From Security to Obscurity

Some people believe security through obscurity is not good security. Let's agree to disagree. A criminal scanning the neighbourhood will be deterred by the sign of a home security system or a gently barking dog. What if the home looks like a haunted house or an abandoned prison closed due to lack of budget. A hacker will rather go for a low hanging fruit like a deliciously tempting anonymous FTP access open on port 21. 





Here are 5 simple ideas to fade away from visibility to obscurity.

1. Change default port numbers for e.g the top 10 Nmap ports like ftp, ssh, telnet, smtp etc. If at all you need these ports open run the services on a different port number from the one it normally uses.
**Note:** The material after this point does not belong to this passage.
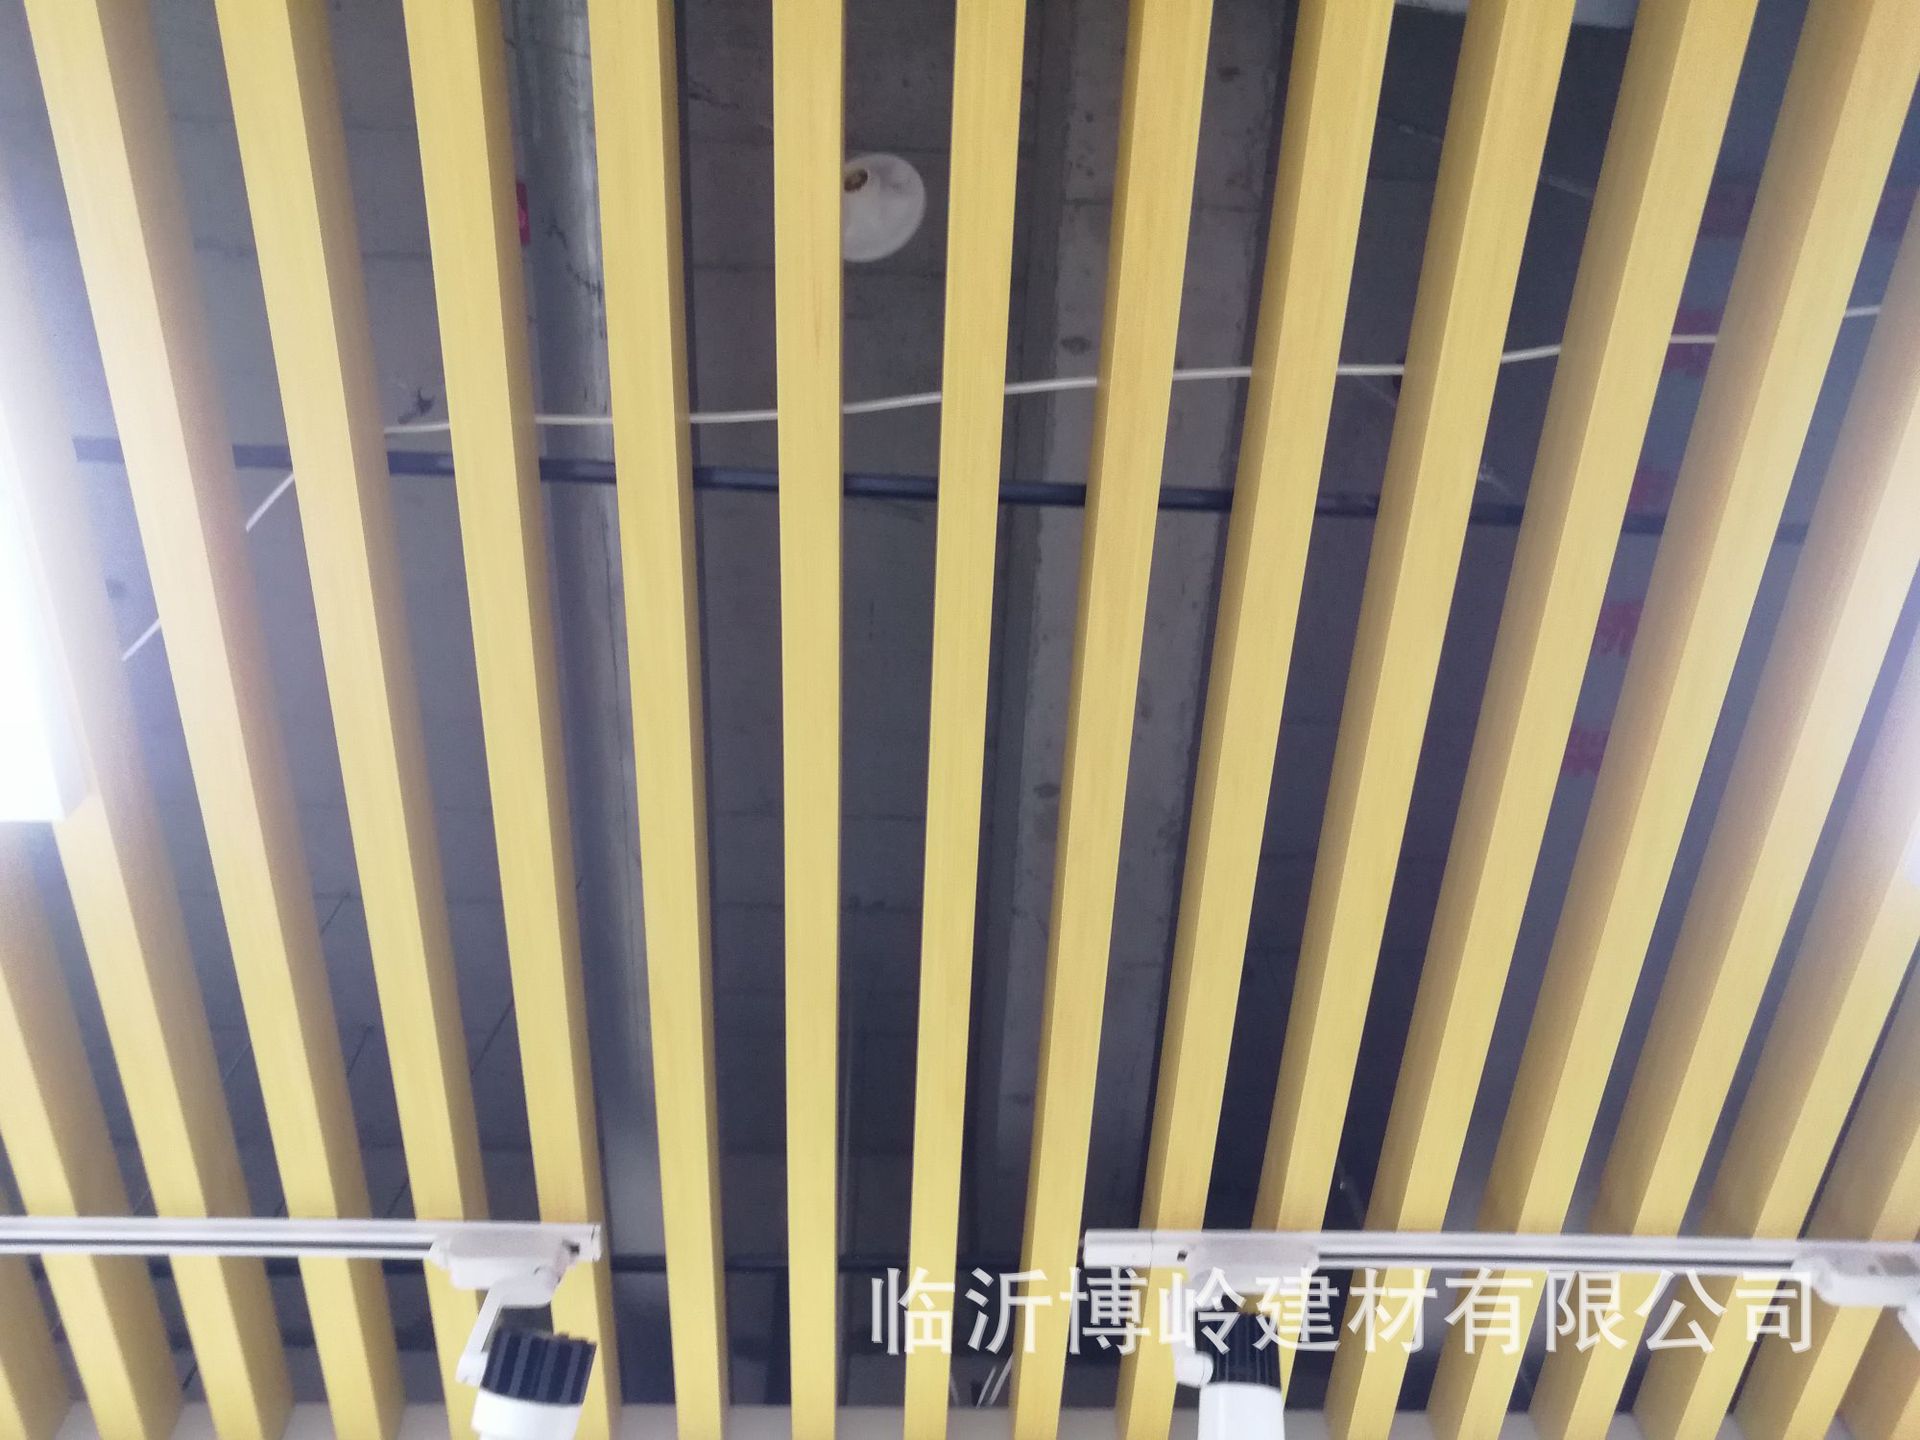 厂家直销50*60U型天花 生态木吊顶天花 商场大厅过道室内吊顶材料示例图15
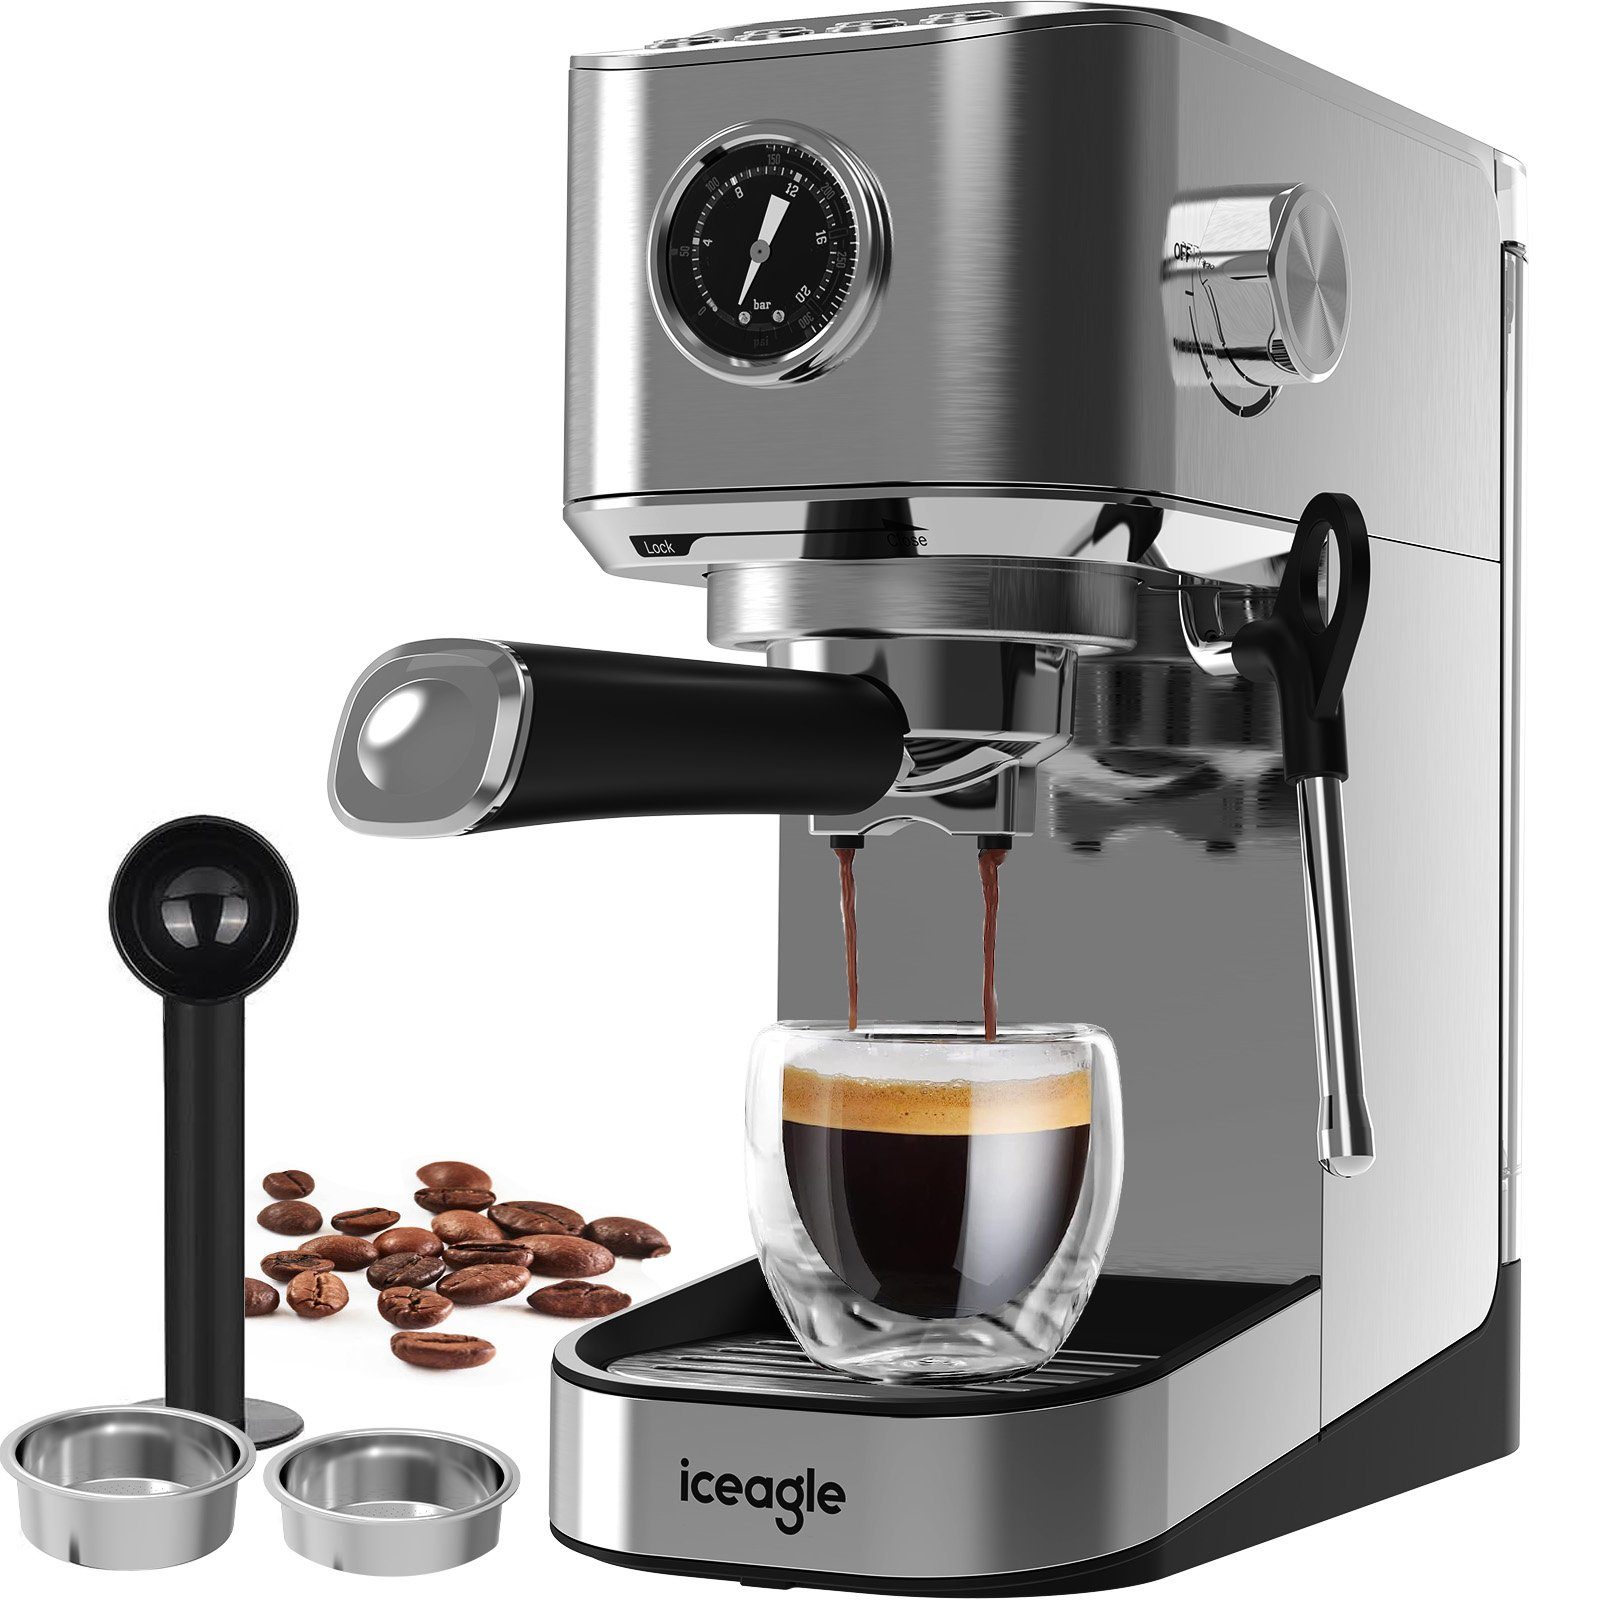 Aoucheni Espressomaschine Tassen,mit schnell Programmierbare,Zerkleinerer,1400W,Visuelles Manometer, Hochdruckpumpe Profi-Milchaufschäumer,20 Bar Korbfilter, 1-2

2. Change your web server header information to provide a nondescript response when probed. Many tools tune their attacks to target the version and type of server that is being displayed. Responding with a non sequitur like Mainframe rocks, when you are serving Apache on Linux.

3. Specify which user Agents are acceptable and which are just bad news. An attackers may use Acunetix, Nikto or Nessus for the initial scan. Filtering out these strings will offload some heavy traffic out of the highway.

4. Go creative with DNS entries that do not exist. Attackers probing through your zone files will spend time scanning these sites. Meanwhile your team can study the sources of these requests and learn more about modus operandi of intruders.

5. Change default SNMP strings into something obscure and block SNMP information from being passed out of the firewalls.

While these are some general guidelines, you may want to scan your assets periodically for your information disclosures. If there is no need, there is no need to know. Fly under the hackers radar, dodging a bullet is as important a buying a bullet proof jacket aka new shiny tool. Know where your assets are, remember simple is secure. We still need to close unused ports and still need to perform regular patching and assessments. In the meanwhile, obscure, obfuscate, observe! Security through Obscurity - Good thing or Bad thing?